Recent bodies of works have functioned as abstractions derived from the functional organs of a building. Resembling heat sinks or vents they have suggested the building as a body and an abstraction that draws inspiration from server farms, hard drives and circuits. Gillick’s use of mathematical equations pursued a similar search for an abstracted language, their economy and beauty suggesting a parallel visual language that exists as pure conceptual potential.

In the course of recent large-scale institutional projects, in particular Filtered Time at the Pergamon Museum in Berlin in 2023, Gillick has developed a new underlying narrative in response to his continued engagement with the history of standardized graphical systems.

The new body of work draws conceptually on the work of Otto Neurath and Gerd Arntz who in the 1920s developed a system to simply represent complex statistical information, known as the Vienna Method or, beginning in 1935, as ISOTYPE (International System of Typographic Picture Education). A philosopher and sociologist, Neurath recognized in cinema and advertising a visual mode of communication that could be adopted to convey information. With the development of a quantitative system using pictograms, Neurath sought to make specialized knowledge legible to non-specialized mass audiences. The graphics for these early modern pictograms were created by German artist Gerd Arntz. An instrument of education, the visual language was intended to reduce the role of convention, custom and schooling in the reception of knowledge and with its comparative signs also stimulate both intellect and imagination.
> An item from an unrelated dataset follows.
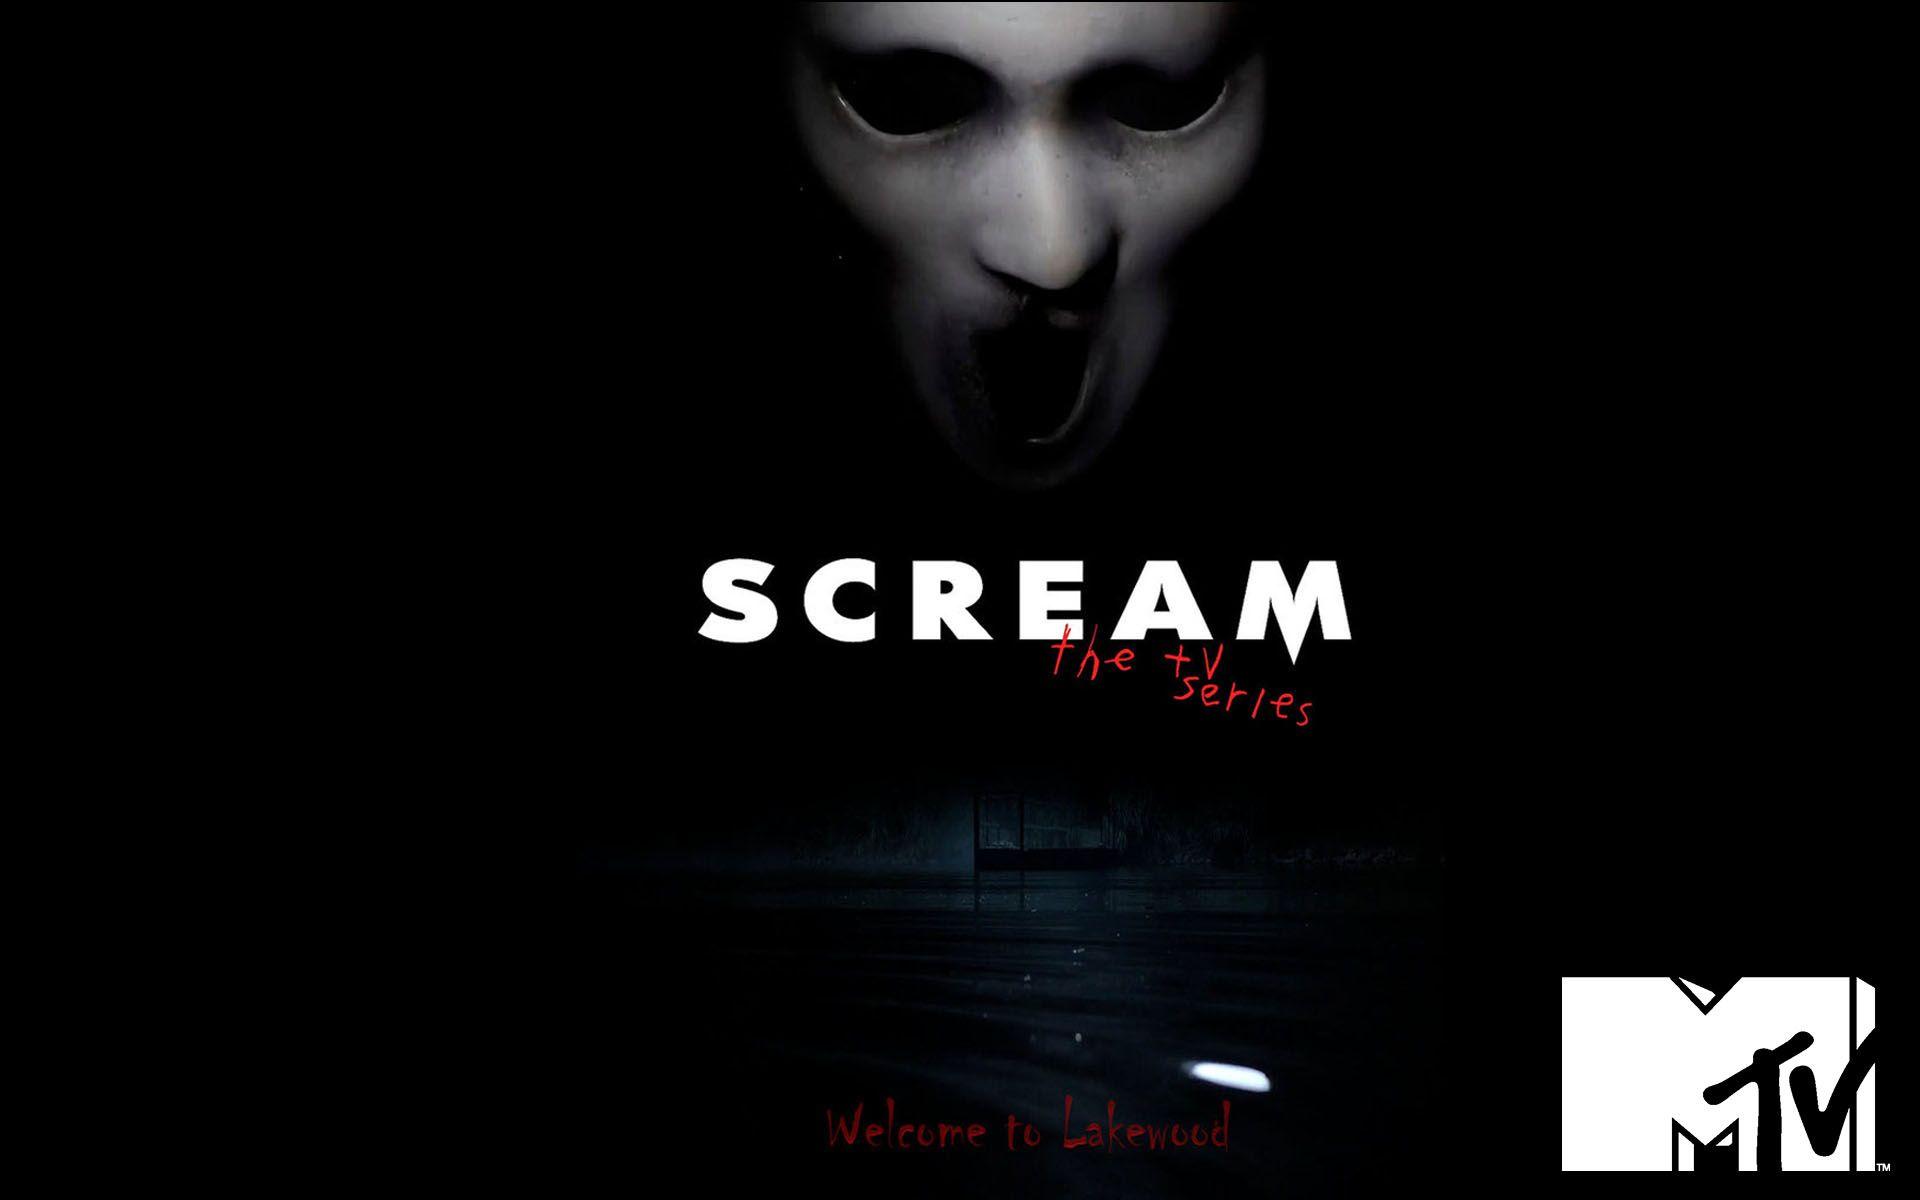 Scream Tv Series Poster Wallpaper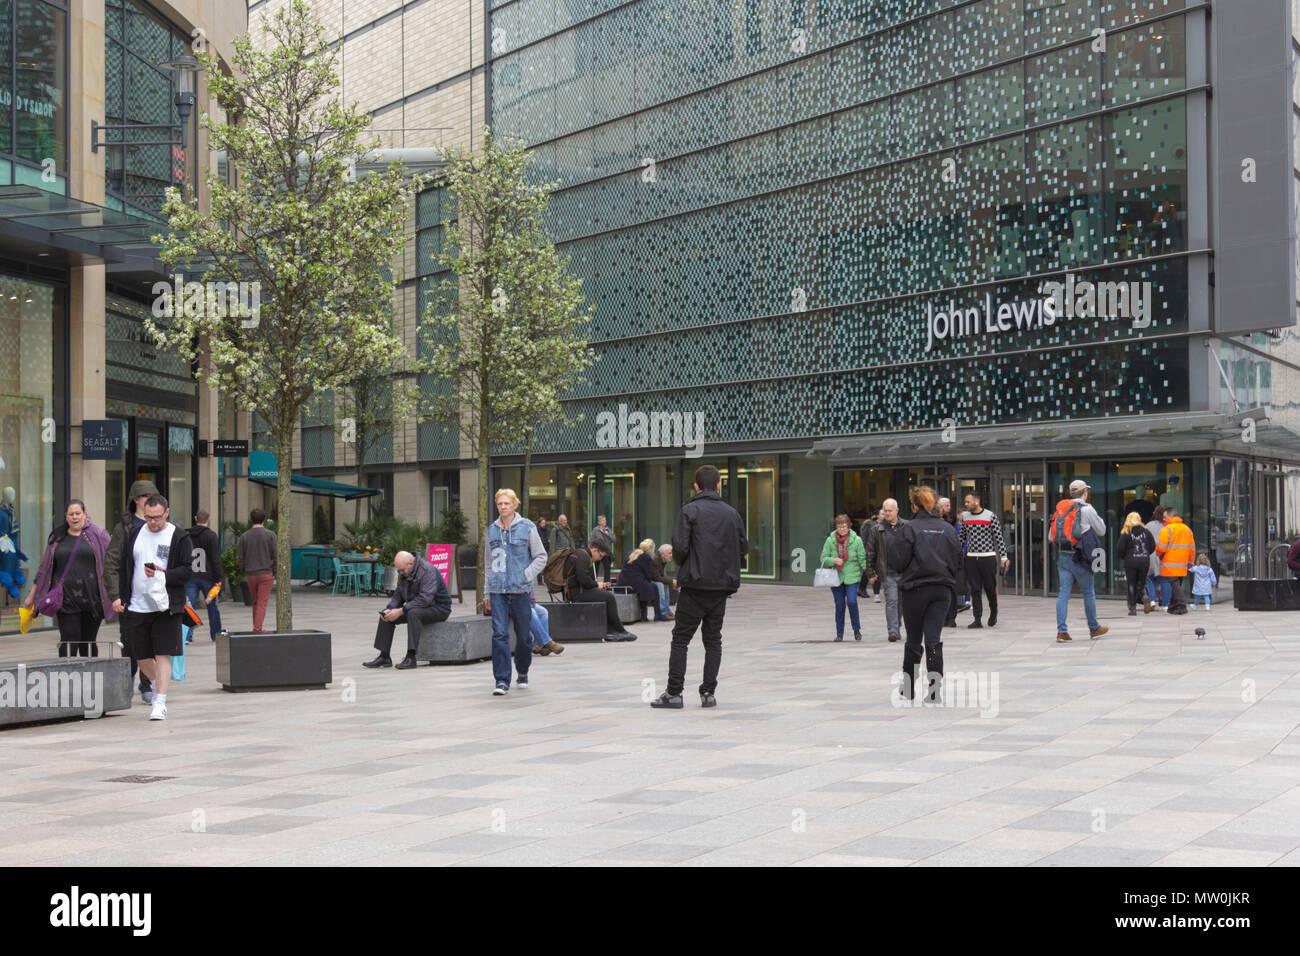 John Lewis, Cardiff, UK, 2018, Shopping. - Stock Image

With this exhibition, Gillick proposes a new model for representing the processes of advance production. The abstract forms in this exhibition represent a more elusive visual language that might represent new advanced forms of production today. This exhibition introduces three unresolved artistic elements that operate alongside each other, in a series of contradictory parallels. Color has always pervaded Gillick‘s work where it is present as a theoretical subject. He deploys the history of color theory, for practical applications, and makes use of its sheer impact, and phenomenological effects. Resolute color choices for individual works and their elements act as a reminder of the artist‘s broad understanding of its transformative power. The works address the gap between what is desired, what is produced and how it is described.

Three distinct types of wall-mounted works attempt to find abstraction in the material structures of advanced production. The wall works are constructed from lightweight aluminium t-slot extrusions that are commonly used for the construction of laboratory rigs, CNC machines, and advanced production lines. These extrusions create self-contained systems evocative of the mute, smooth flows of advanced production in stasis.

Each work is accompanied by a unique book jacket design featuring a new abstract neo-Isotype by Gillick on the cover. While the wall structures are clean, stark and direct – what they point to—represented by the paired potential book—is interwoven and elusive. The neo-isotype marks are a visual language consciously derived from the legacy of attempts in 1920s Europe, to rationalize understanding of production, consumption and social development. Yet in this case they are entirely abstract and elusive in terms of precise representation, developing forms of contemporary abstraction as modes of production and consumption continue to evolve and mutate.